When the tumor involves only the endocardium, symptoms and signs are usually lacking except for congestive heart failure due to mechanical disturbance. However, heart failure and ventricle gallop occur earlier if the myocardium is involved, with or without outlet obstruction. This can occur along with arrhythmias13 or even cardiac rupture9 and when the mass involves the left ventricle, anginal pain and dyspnea can occur.4 Cardiac lipomas sometimes also grow into the atrial septum, causing lipomatous hypertrophy, disturbed venous return, or vulvar regurgitation.9
Diagnosis using advanced imaging methods is necessary when symptoms are observed, because a routine x-ray graphic examination of the chest does not allow visualization of the metastatic tumor unless it is so bulky as to alter the size and configuration of the heart.

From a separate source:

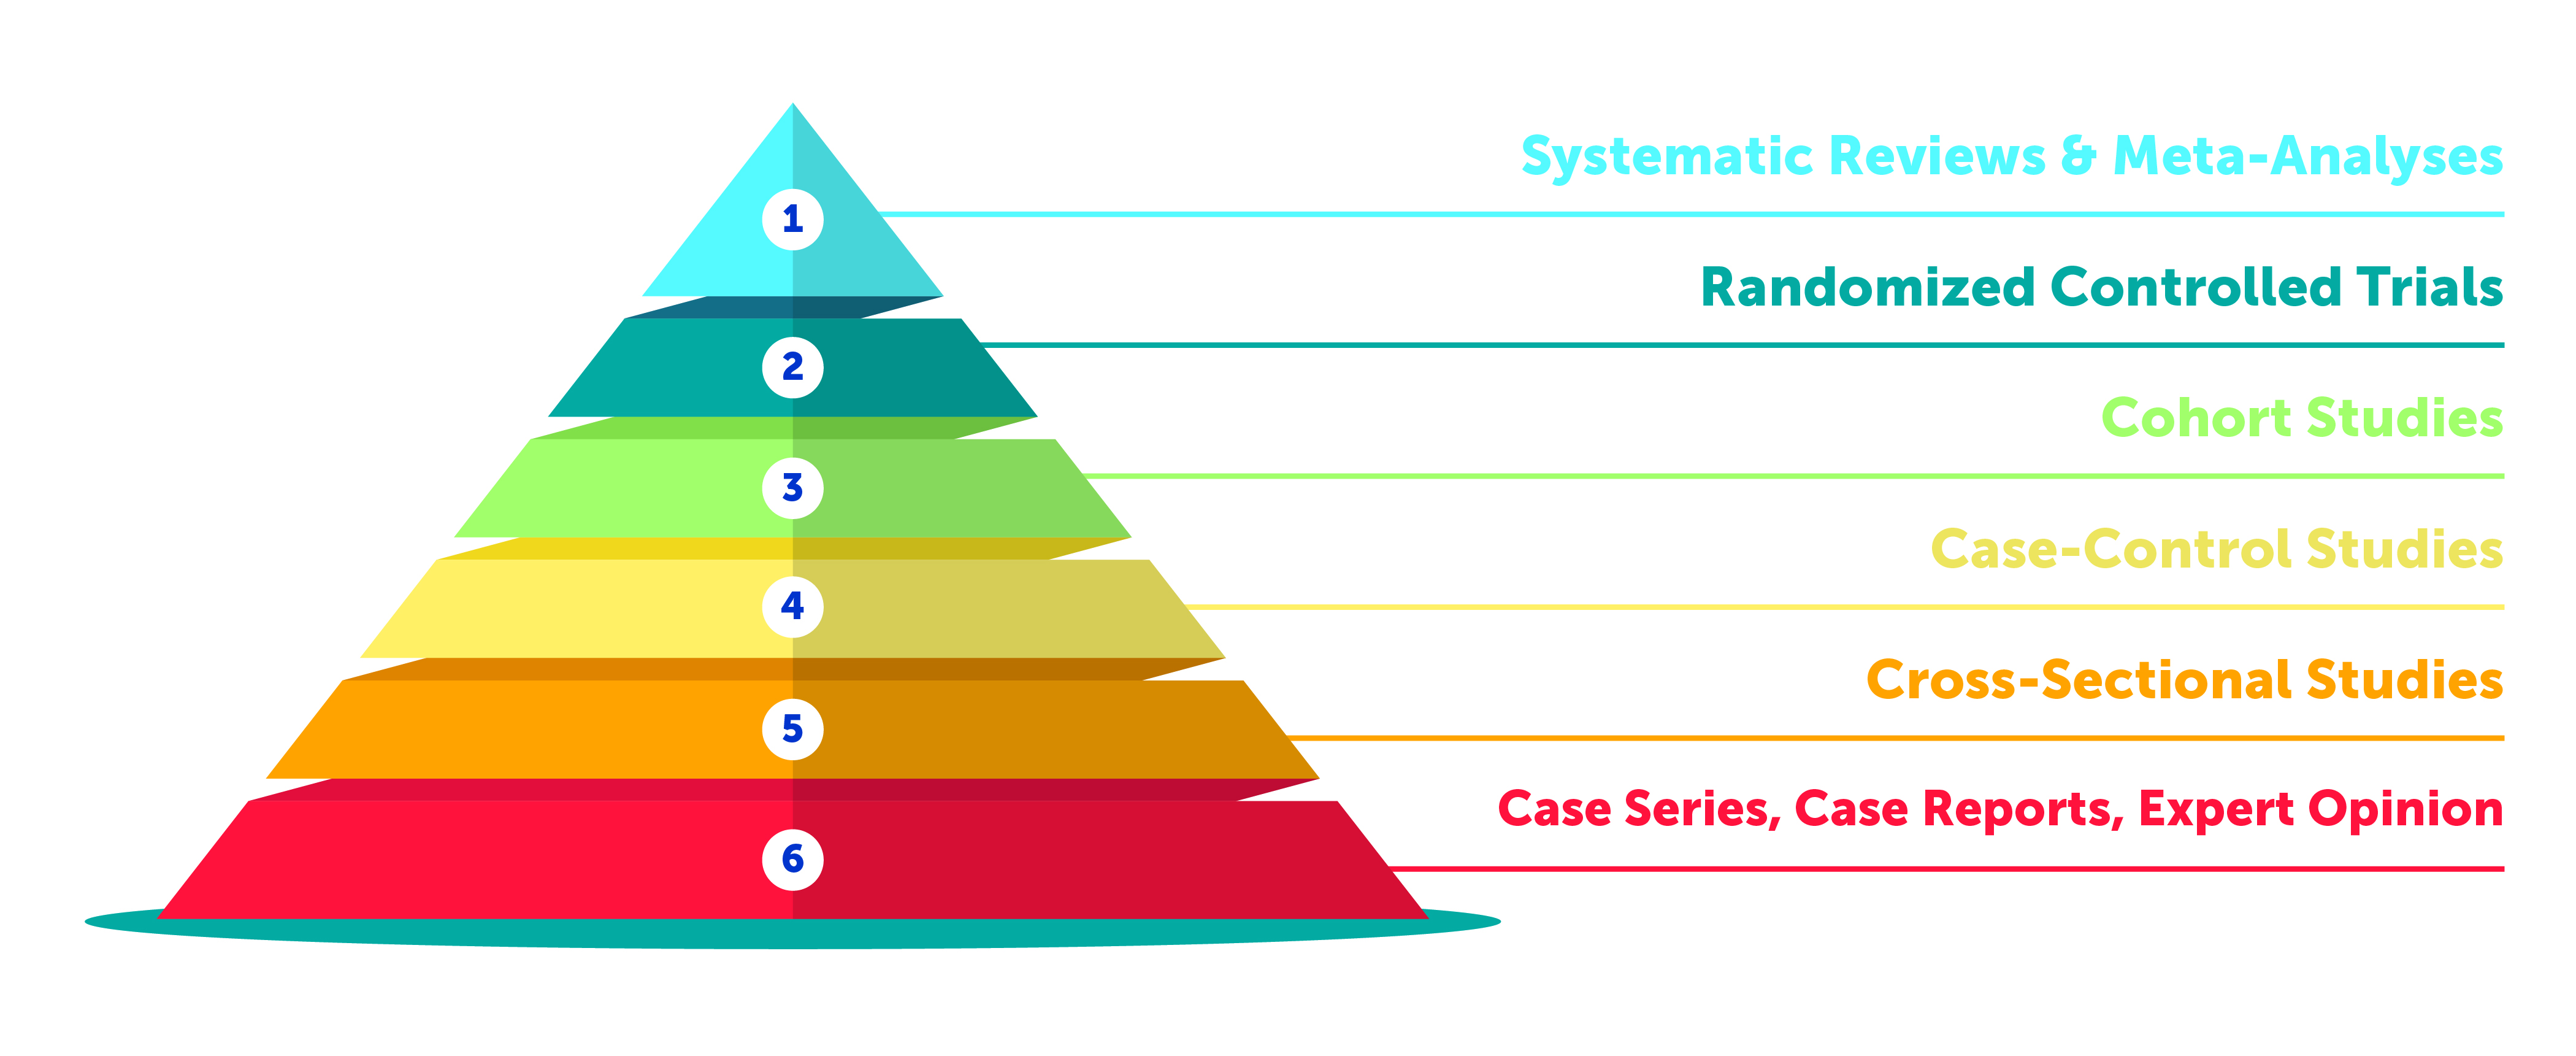 Clinical evidence hierarchy triangle; 1. systematic review and meta-analyses, 2. randomized controlled trials, 3. cohort studies, 4. case-control studies, 5. cross-sectional studies, 6. case series, case reports, expert opinion.

Two-dimensional echocardiography is the first choice of modality for diagnosis of cardiac tumors, whereas computed tomographic scanning and magnetic resonance imaging are useful adjuncts, revealing possible mediastinal extension.14
Although surgical intervention is rarely beneficial for malignant cardiac tumors, in selected patients whose primary tumor is well controlled and progressing slowly, and who display with no evidence of widespread disease, partial surgical resection of the tumor is the preferred treatment.2 The mortality rate, however, remains high (12%–40%).10 Chemotherapy and radiotherapy are only adjunctive therapies and are not established as standard treatments.5
Primary cardiac liposarcomas are extremely rare tumors. If they go undiagnosed, they provoke symptoms such as congestive heart failure, tamponade, or even sudden death. When they arise, patients should undergo all possible examinations to evaluate differential diagnosis and apply the appropriate treatment according to contemporary trends.